Veröffentlicht am 07.06.2022
Die bereits zugesagte Schulgeldfreiheit für Gesundheitsfachberufe wurde in Thüringen aufgrund der Haushaltslage zurückgenommen. Der Landtag hatte im Februar auf Drängen der CDU-Fraktion eine Globale Minderausgabe von 330 Millionen Euro beschlossen.
Die Entscheidung der Regierung, die Schulgeldfreiheit allein aufgrund bislang fehlender gesetzlicher Grundlage mit in die Minderausgabe zu subsumieren, ist fatal, denn in Thüringen gelten die Berufe der Gruppe „Nicht ärztliche Therapie und Heilkunde“ nach Auskunft der Bundesagentur für Arbeit schon heute als Engpassberufe. Der Bedarf für diese Berufe steigt im Zuge der demografischen Entwicklung in den kommenden Jahren weiter an.
Über 1000 Schüler*innen und Schüler der Gesundheitsfachberufe in Thüringen sind direkt von den Kürzungen betroffen. Dabei sind es gerade diese Berufe, zu denen auch die Ergotherapie zählt, die die gesundheitliche Versorgung sichern.
Gesundheitsfachberufe verkürzen Arbeitsunfähigkeitszeiten, sorgen für die Rehabilitation nach Erkrankungen, sichern die Rückkehr an den Arbeitsplatz und reduzieren Pflegeaufwendungen von Erwerbstätigen bei Angehörigen.
Allein aufgrund von Arbeitsunfähigkeit betrug der Verlust an Bruttowertschöpfung nach Angaben des Statistischen Bundesamtes im Jahr 2020 in Deutschland 144 Milliarden Euro.
Gesundheitsfachberufe sind aufgrund dieser Tätigkeiten in der Prävention, Akutbehandlung, Rehabilitation und Pflege daher ein Wirtschaftsfaktor.
Der Bedarf für ergotherapeutische Leistungen ist in Thüringen bereits jetzt besonders hoch. Je 1000 Versicherten wurden nach Angaben des Heilmittelinformationssystems der Gesetzlichen Krankenversicherung (GKV-HIS) im Jahr 2021 in Thüringen 548 ergotherapeutische Behandlungen erbracht und damit 168 Behandlungen mehr als im Bundesdurchschnitt mit 380 Behandlungen je 1000 Versicherten. Allein zum Vorjahr ist dies für Thüringen eine Steigerung von knapp 8 %.

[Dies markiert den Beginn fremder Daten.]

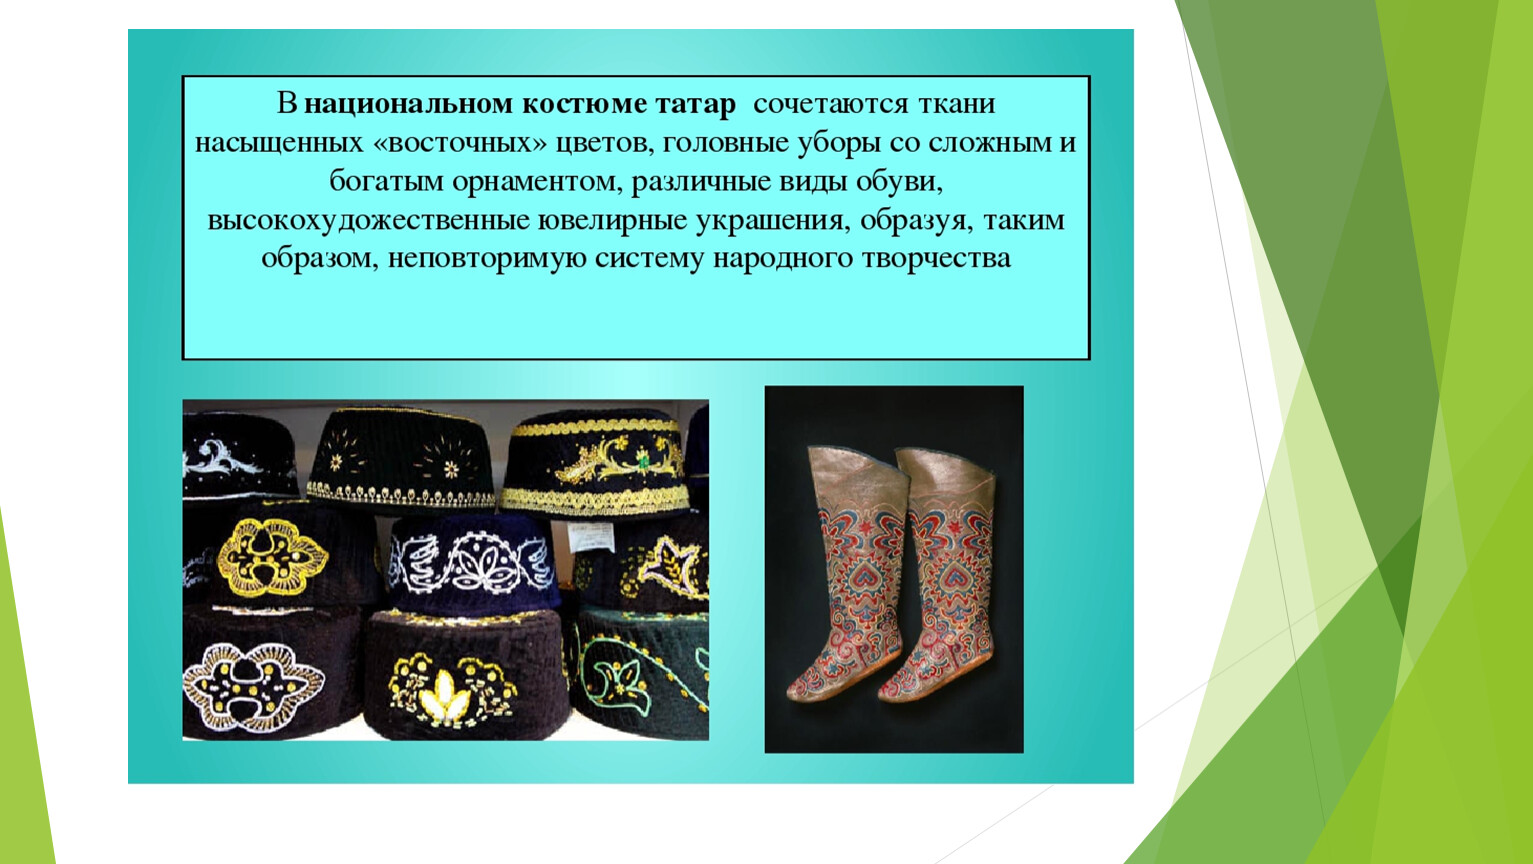 Элементы татарского костюма с названиями

Dieser Bedarf ist absehbar auch durch die besonders hohe Krankheitslast in Thüringen begründet. Das Institut für Gesundheitssystemforschung der Barmer bescheinigt dem Land Thüringen den mit Abstand höchsten Morbiditätsindex bundesweit.
In diesem Zusammenhang erscheint die Rückwärtsrolle der Verantwortlichen in Thüringen bei der Schulgeldfreiheit mehr als fahrlässig.
Zugleich erfahren die Schülerinnen und Schüler in den Gesundheitsfachberufen eine ungeheure Geringschätzung und Benachteiligung, wodurch unweigerlich schon zu Beginn der Ausbildung die Entscheidung für einen dieser wichtigen Berufe als Fehlentscheidung erlebt wird.
Die Fraktionen im Thüringischen Landtag müssen verstehen, dass die Abkehr von der Schulgeldfreiheit keine Option ist.
Der Bundesverband für Ergotherapeuten in Deutschland, BED e. V. appelliert deshalb eindringlich an die Verantwortlichen, sich für eine schnelle Lösung einzusetzen.